As promised, here is my detailed desc. of my research. If you're against importing, this isn't meant to convince you otherwise. We all have our personal standards to which we are accountable. I checked up the pedigrees, hip scores, and titles of the parents. I looked at every picture and watched every video I could find of her puppies' living conditions at the kennel, the sire/dam, her dogs working in the fields and at shows, and those from her puppies in their new homes. I read everything she wrote about her dogs on her website and at her posts on Facebook to try and understand who she is as a person. What I found is someone who loves her dogs more than anything in the world and who takes the preservation of the breed very seriously. No, importing is not ideal when it means I can't see it all for myself, but I believe I've taken every step I'm able to ensure that I'm getting a puppy from a responsible breeder. 

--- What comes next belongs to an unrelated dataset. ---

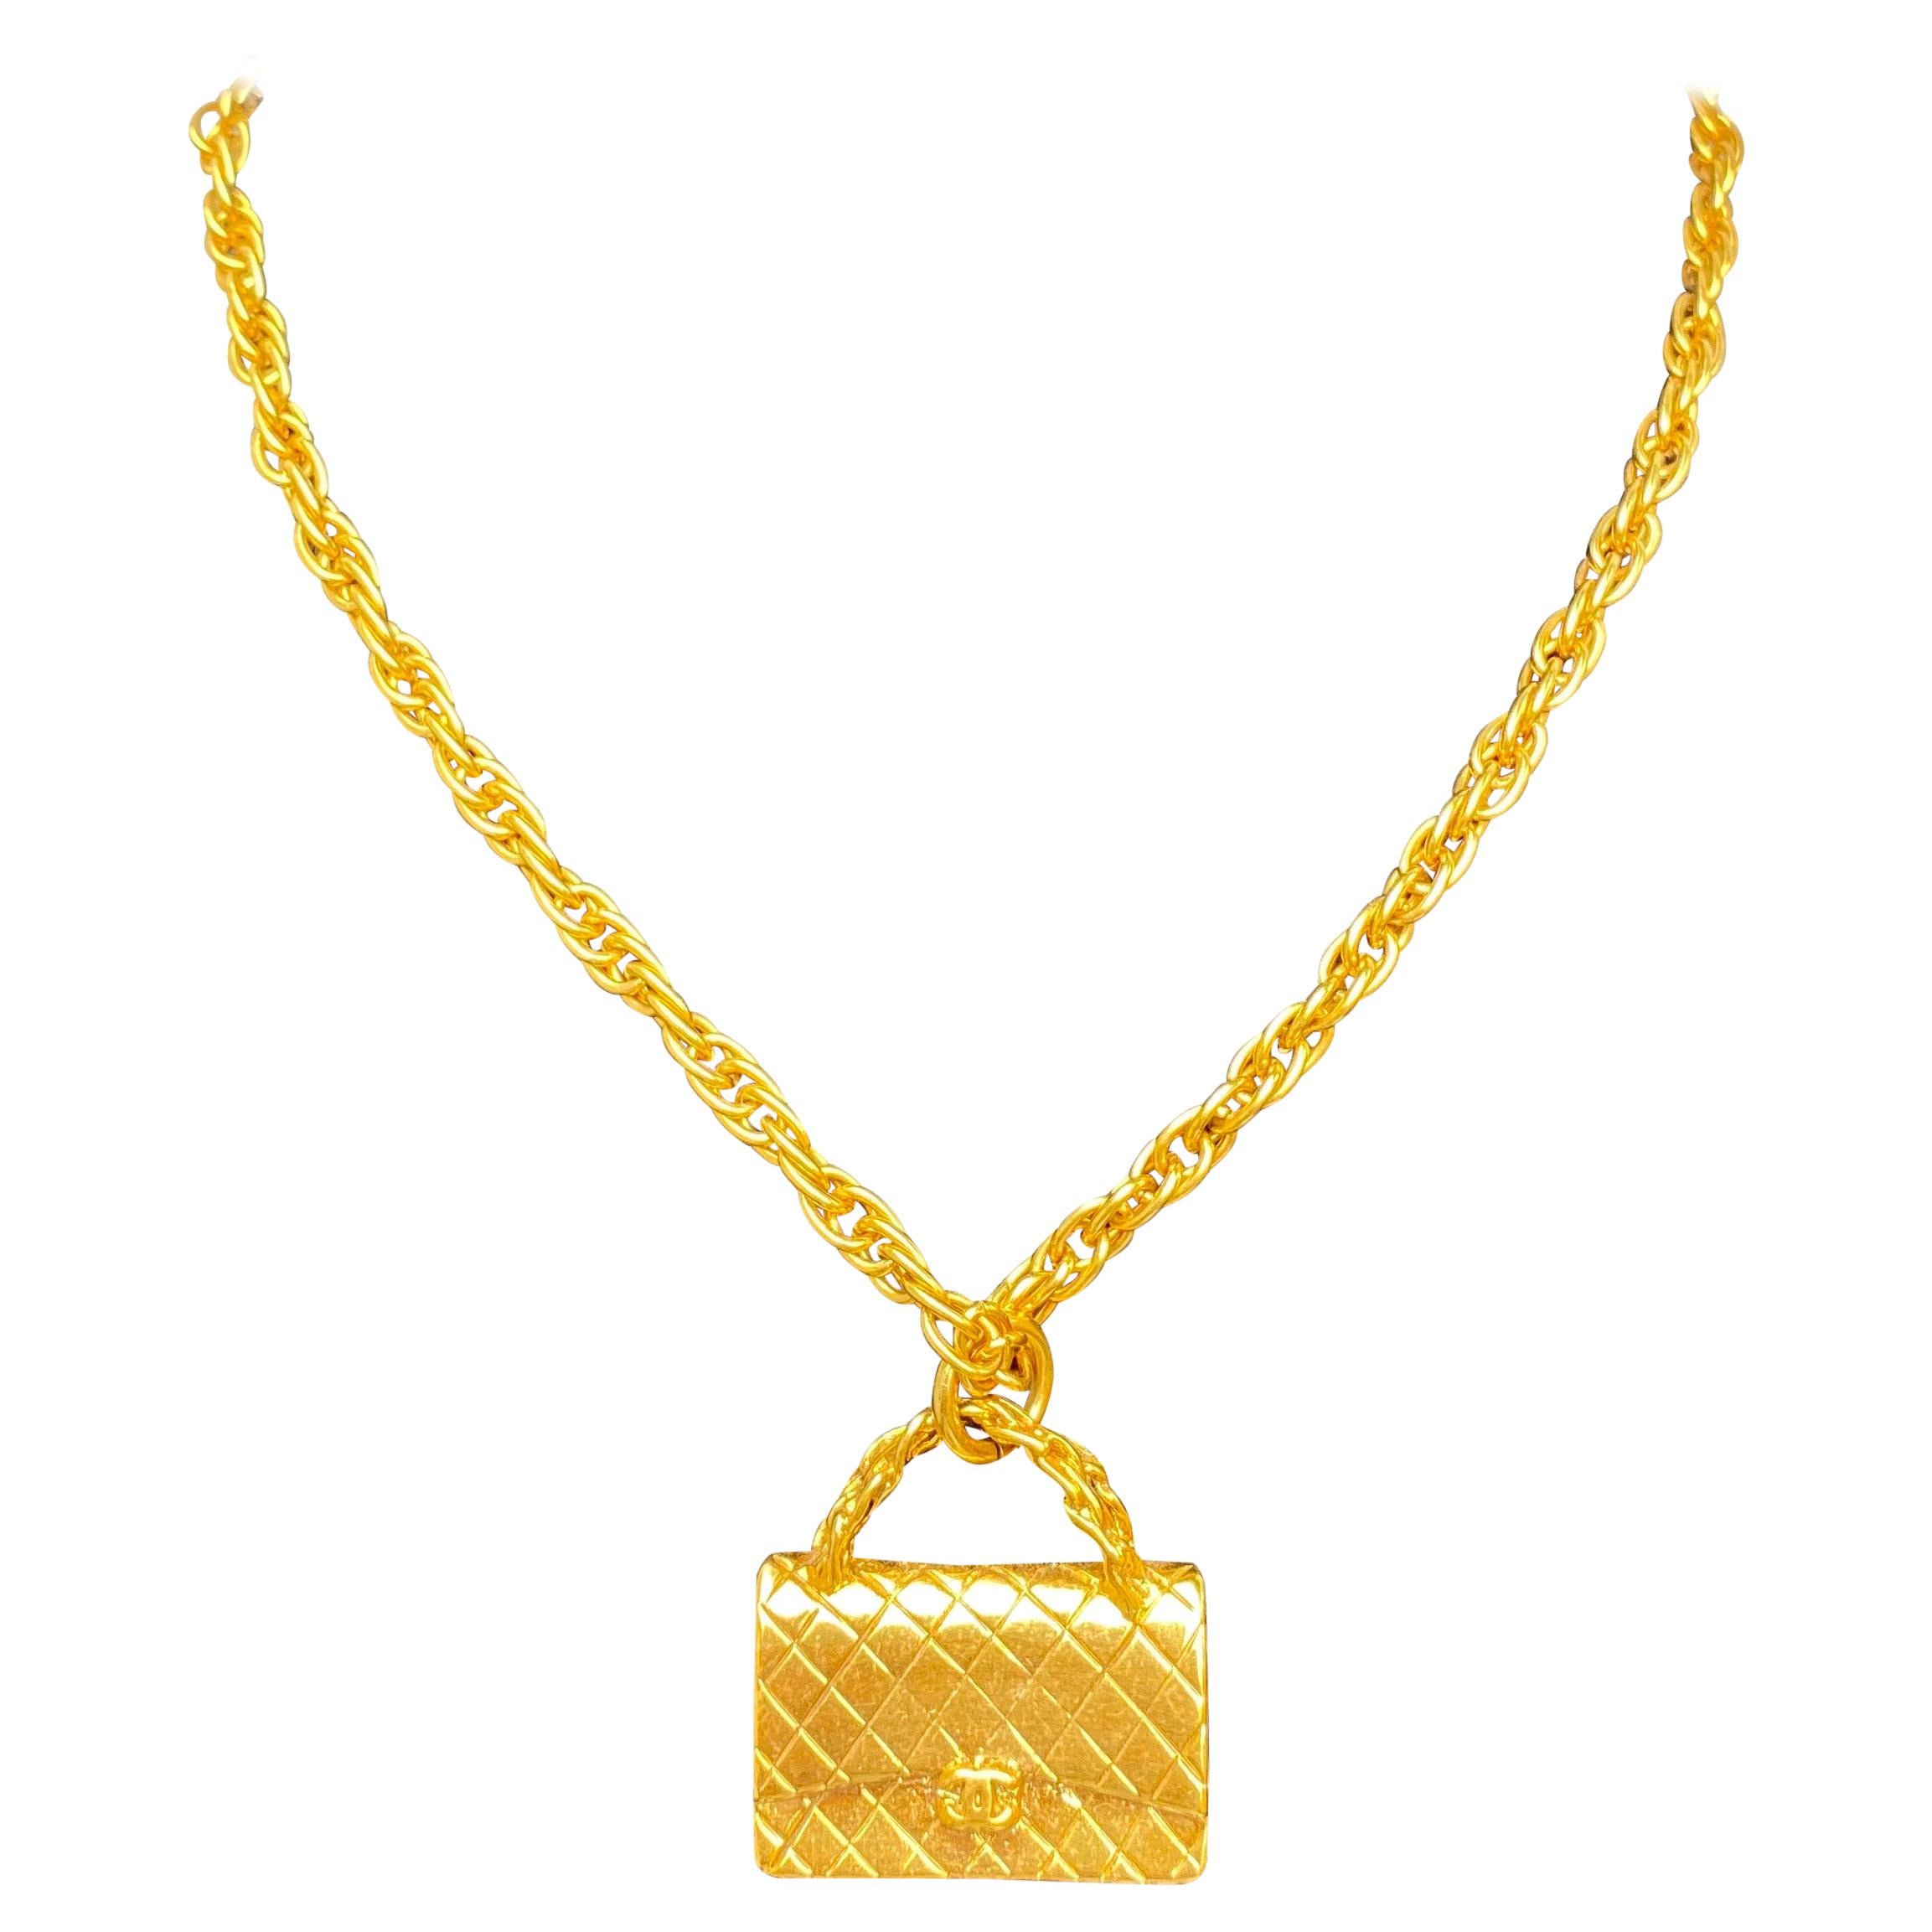 Chanel Classic 2.55 Flap Bag Charm Necklace

Time for me to shut up already. Without further ado, here she is.


----------



## datacan

Wunderbar. Best wishes...... Zöldmáli? (No need to answe$)


----------



## datacan

*Re: Cancelled litter*



Vida said:


> Ok so y'all think I was bitching make that post :-\, but just for the sake of healthy discussion....
> Please read again your posts/ thread 'how to choose a breeder'.
> All the advice we give is blown out the water when we advocate buying a pup 'blind' through a third party?!
> Yes I would import but only if I could do my research in that country,visit the breeder,see the dam, plus all the recommended investigations that I would do if I were buying a pup locally.
> Importing has become straightforward especially here in europe.
> As long as we ( outside Hungary)breed dogs that are sound ,true to type,and have a low breeding coefficient they are no less of a vizsla than one born in Budapest.
> Thoughts????


Actually climate plays quite an important role, IMO. I needed a dog that can live and be comfortable here in Canada. The best way I thought was to find a dog born here in the dead of winter. With winter 6 months long, LOL
So far I'm V happy.


----------



## Rudy

;D


----------



## TAIsMom

Moving and new puppy!!! You like living the fast life apparently! 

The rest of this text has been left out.